Minister of National Education
- In office 4 June 2019 – 19 October 2020
- President: Andrzej Duda
- Prime Minister: Mateusz Morawiecki
- Preceded by: Anna Zalewska
- Succeeded by: Przemysław Czarnek

Marshal of Podlaskie Voivodeship
- In office 29 May 2007 – 15 January 2008
- Preceded by: Janusz Kazimierz Krzyżewski
- Succeeded by: Jarosław Dworzański

Personal details
- Born: December 17, 1964 (age 61) Sielc, Polish People's Republic
- Party: Law and Justice
- Alma mater: Białystok branch of the University of Warsaw Białystok Academy of Finance and Management

= Dariusz Piontkowski =

Polish politician and deputy

Dariusz Piontkowski (born 17 December 1964 in Sielc) is a Polish politician, former marshal of Podlasie province, and current MP (in his third term). From 4 June 2019 to 19 October 2020 he was the minister of national education under Mateusz Morawiecki. He was in charge of the Law and Justice organization in the Podlaskie Voivodeship.

==Biography==
He graduated in 1988 from the Faculty of Humanities, Branch of the University of Warsaw in Białystok. He also completed postgraduate studies in management (Academy of Finance and Management in Białystok) and at the Białystok School of Public Administration.

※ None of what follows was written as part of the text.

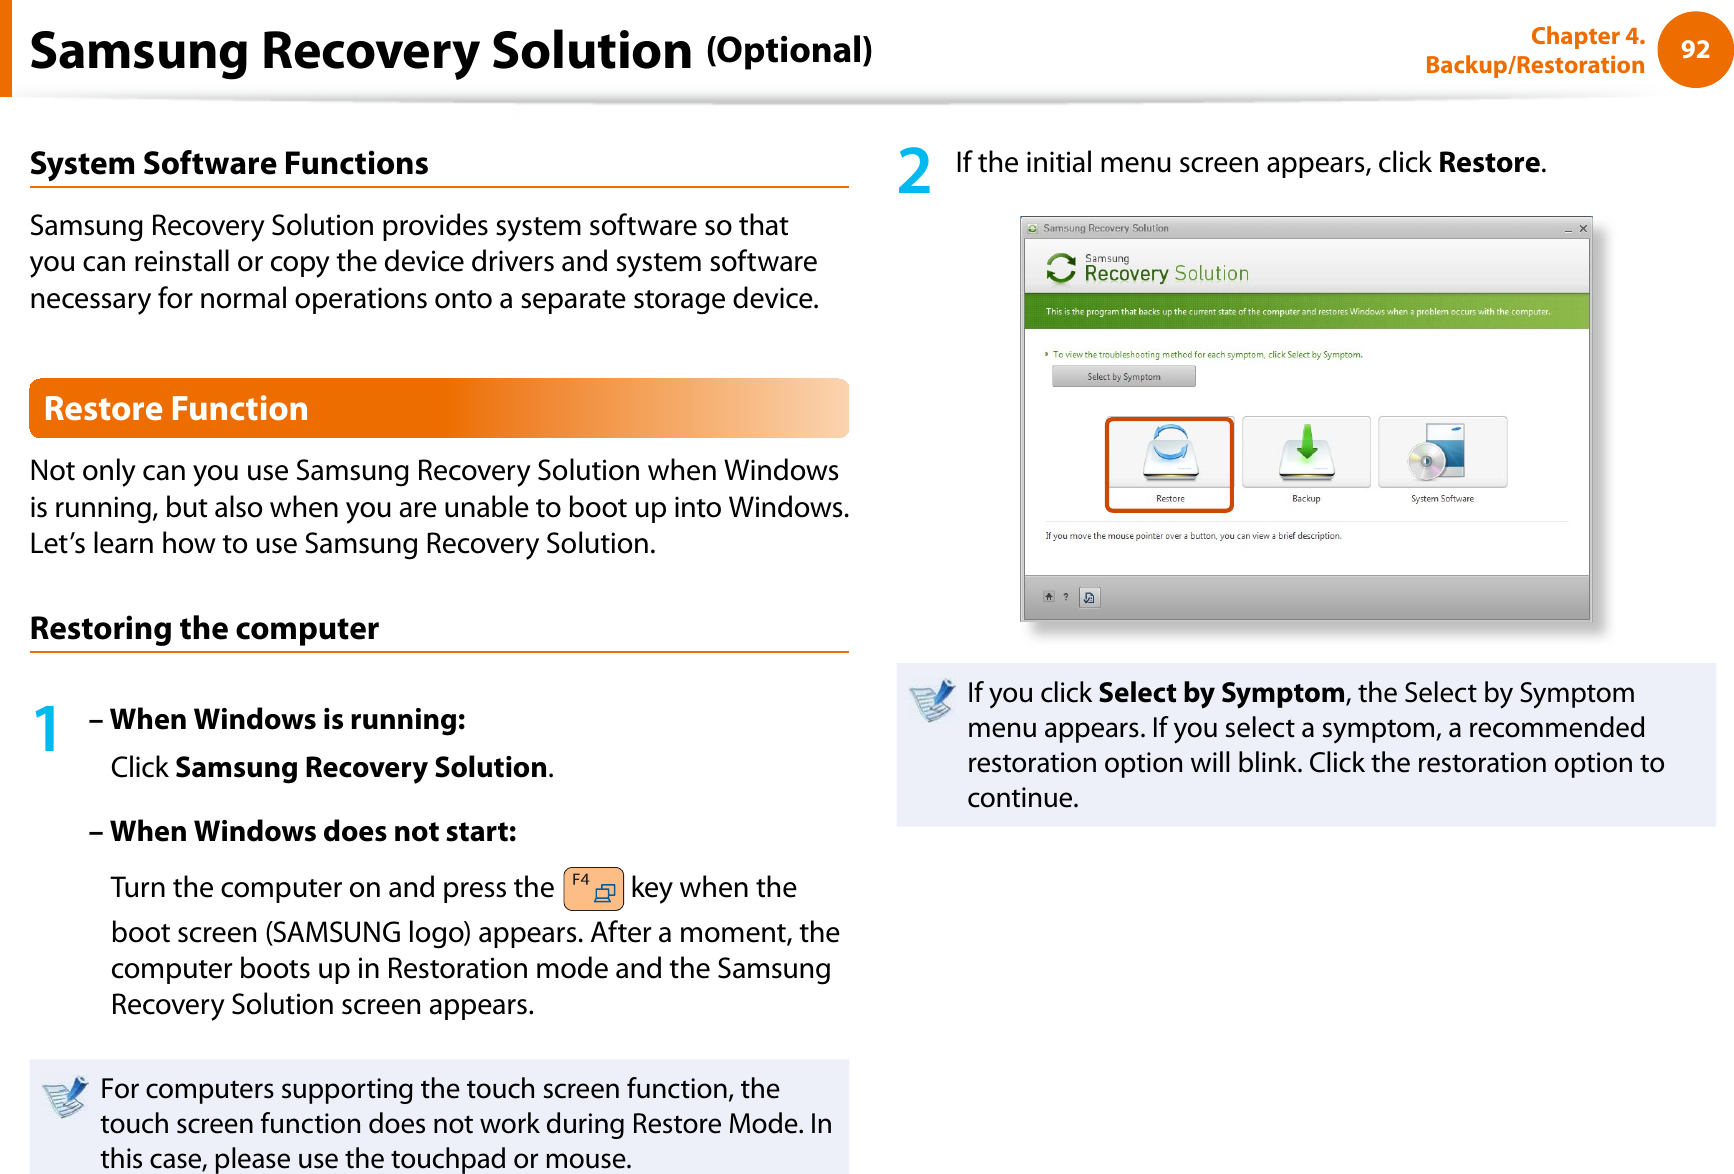 92Chapter 4. Backup/RestorationSystem Software FunctionsSamsung Recovery Solution provides system software so that you can reinstall or copy the device drivers and system software necessary for normal operations onto a separate storage device.Restore FunctionNot only can you use Samsung Recovery Solution when Windows is running, but also when you are unable to boot up into Windows. Let’s learn how to use Samsung Recovery Solution.Restoring the computer1– When Windows is running:Click Samsung Recovery Solution.– When Windows does not start:Turn the computer on and press the   key when the boot screen (SAMSUNG logo) appears. After a moment, the computer boots up in Restoration mode and the Samsung Recovery Solution screen appears.For computers supporting the touch screen function, the touch screen function does not work during Restore Mode. In this case, please use the touchpad or mouse.2If the initial menu screen appears, click Restore.If you click Select by Symptom, the Select by Symptom menu appears. If you select a symptom, a recommended restoration option will blink. Click the restoration option to continue.Samsung Recovery Solution (Optional)

He has worked as a teacher at the Adam Mickiewicz High School No. 1 in Białystok. He worked as a teacher at the Adam Mickiewicz High School in Białystok.

From 1990, he was active in the Centre Agreement, then joined Law and Justice. From 1994 to 2007 he sat on the Białystok city council. In the early elections to the Podlaskie Voivodeship Sejmik in 2007, he was elected as a councilor from the Law and Justice party. In May of the same year, after a coalition was formed by PiS and PSL, he was appointed voivodeship marshal. He was dismissed from this function in January 2008 after the balance of power in the assembly changed and an agreement was signed by the Civic Platform, PSL and Podlasie Right, created by some PiS councilors. In 2010, he again became a voivodeship councilor. In 2010, he represented PiS in the elections for the Mayor of Białystok.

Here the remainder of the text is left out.